To learn how to use C3 AI Studio monitoring tools to monitor application health, see Monitor Environments and Applications. To look into inter-pod communication, see the Kubernetes documentation Network Plugins and check for Kubernetes Container Network Interface (CNI) issues.
If you encounter issues with file access, find out if the file is also problematic in your cloud provider. Check the corresponding path shown in the error message on the blob storage of the corresponding cloud provider. It might not exist in your cloud storage, or the file might be corrupted.
If you experience constant restarts on the JupyterLab pod, check pod behavior:
- Check the
jupyterSingleUserCullTimeoutvalue onJupyterHub.config(). This value controls the culling for inactive JupyterLab pods. - Kubernetes might shuffle pods due to autoscaling settings.
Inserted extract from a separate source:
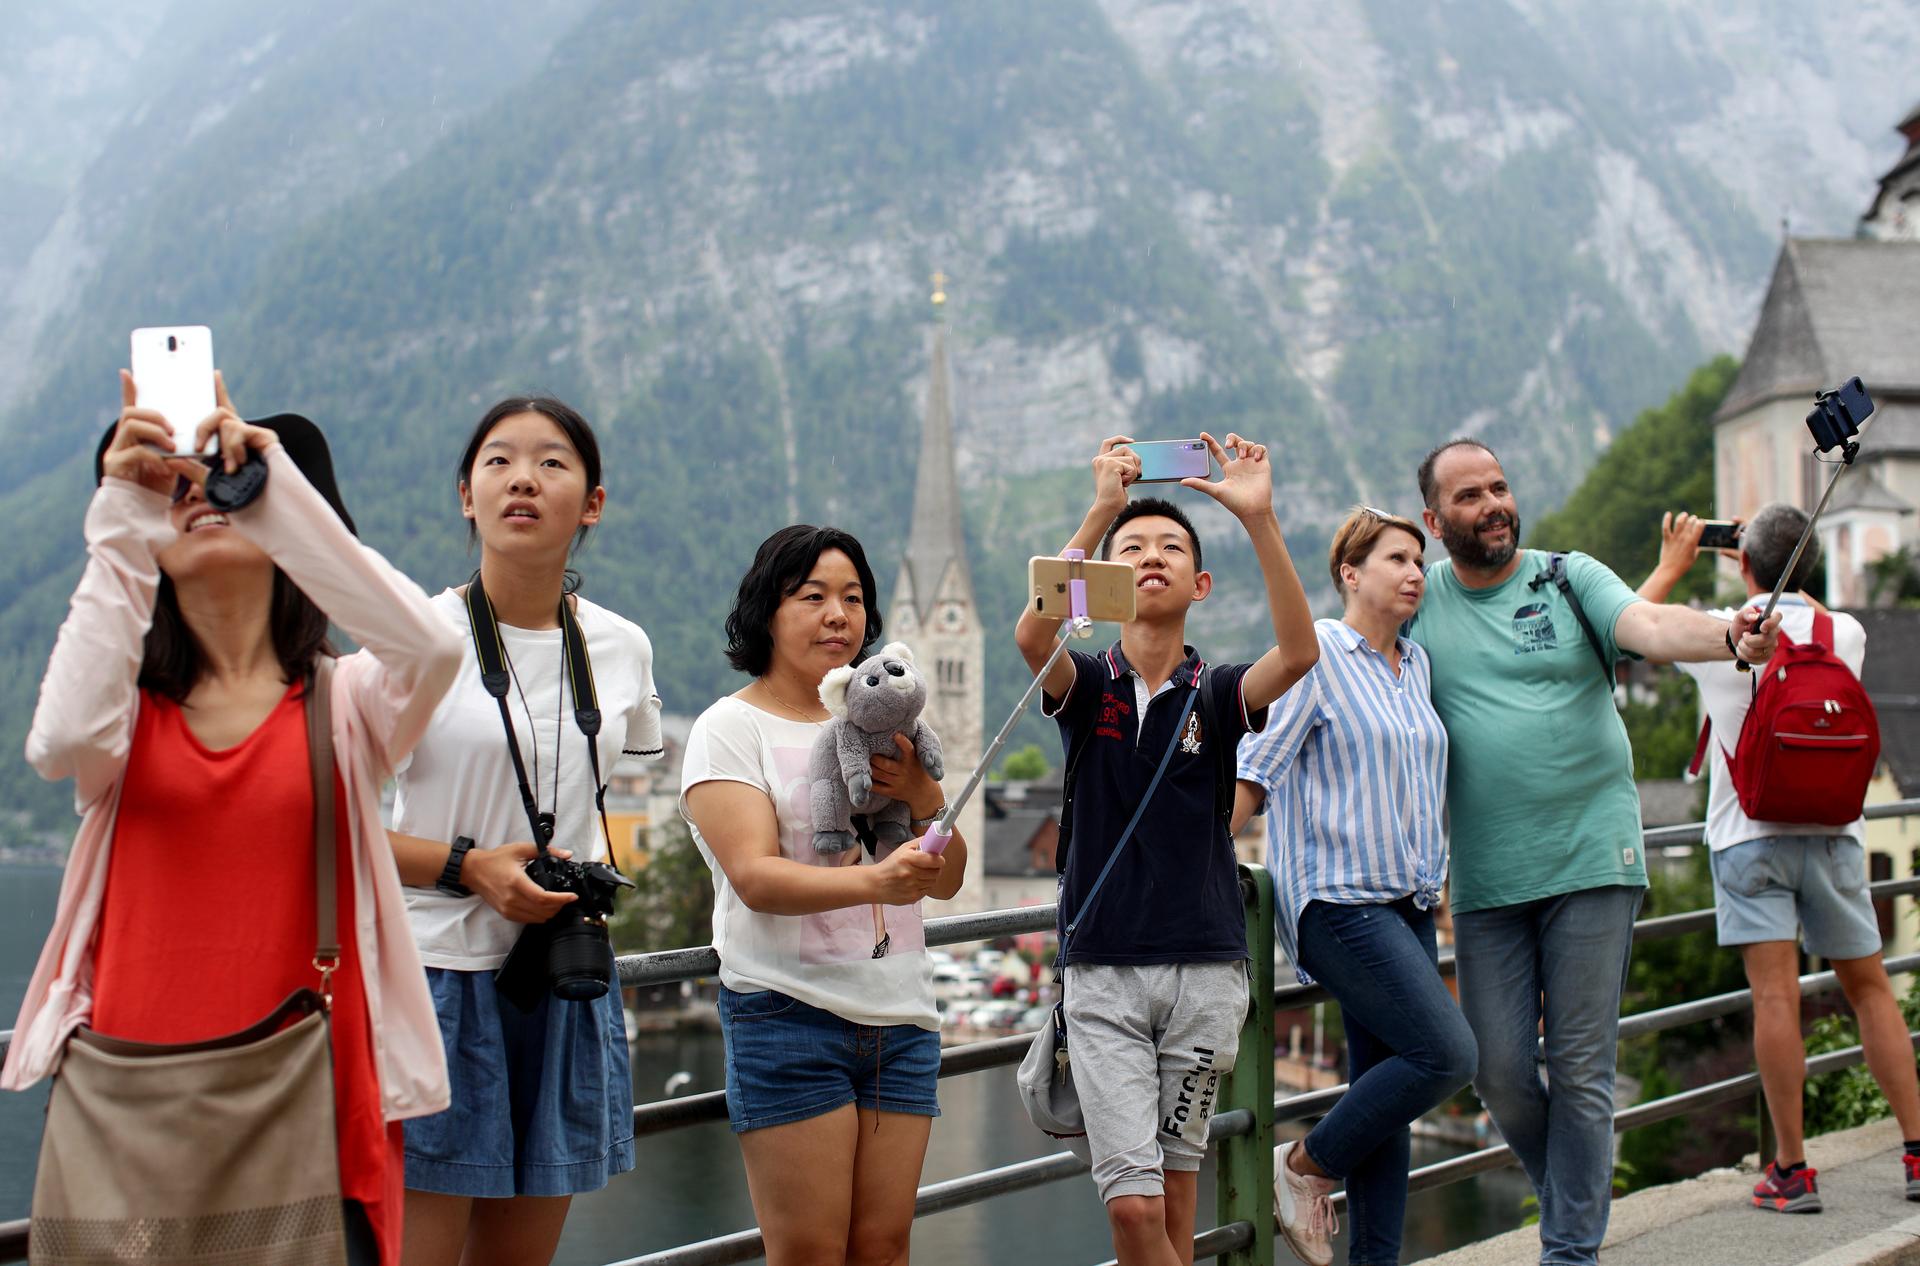 A group of tourists stands taking selfies outside.

Check your cloud provider's autoscaling settings and review the timing of node scaling and pods disappearing.
Custom networking setup error
Investigate Jupyter networking errors in OpenSearch logs or c3server container logs on the affected pod.
If the Jupyter service does not spawn and your platform has a custom networking setup, check logs for the following error:
<time_stamp> [vert.x-worker-thread-75] WARN c.p.m.Retry - Retrying: attempt 103 with wait time: 14050 millis: POST https://kubernetes.default.svc/apis/networking.k8s.io/v1/namespaces/<cluster_id>/ingresses failed with error: {"kind":"Status","apiVersion":"v1","metadata":{},"status":"Failure","message":"admission webhook \"validate.nginx.ingress.kubernetes.io\" denied the request: ingress contains invalid paths: path /npsne/sodev/jupyter/? cannot be used with pathType Prefix","reason":"BadRequest","code":400}If you see this error, custom networking setup likely caused the spawning issue. Run the following code in C3 AI Console to address the error and spawning issue:
JupyterHub.config().setConfigValue('jupyterHubPathSuffix', "")
JupyterHub.stop({waitForReady: true})Navigate to <yourURL>/jupyter to try spawning Jupyter again.
You can also view environment and application logs to further troubleshoot. See Troubleshoot Environments and Applications in an Error State.
Critical warning
Do not run JupyterLab.terminate(true) unless you want to delete unsynced data for all users. This command terminates and deletes unsynced data for every user on the application. A user with C3.AppAdmin permissions can run this command. If you run this command, confirm with all active Jupyter users that their JupyterLab instances are fully synced.
Perform manual syncing frequently from the right-click menu. This practice is especially important for files that are not notebooks, because they do not sync automatically. Alternatively, you can download the files locally.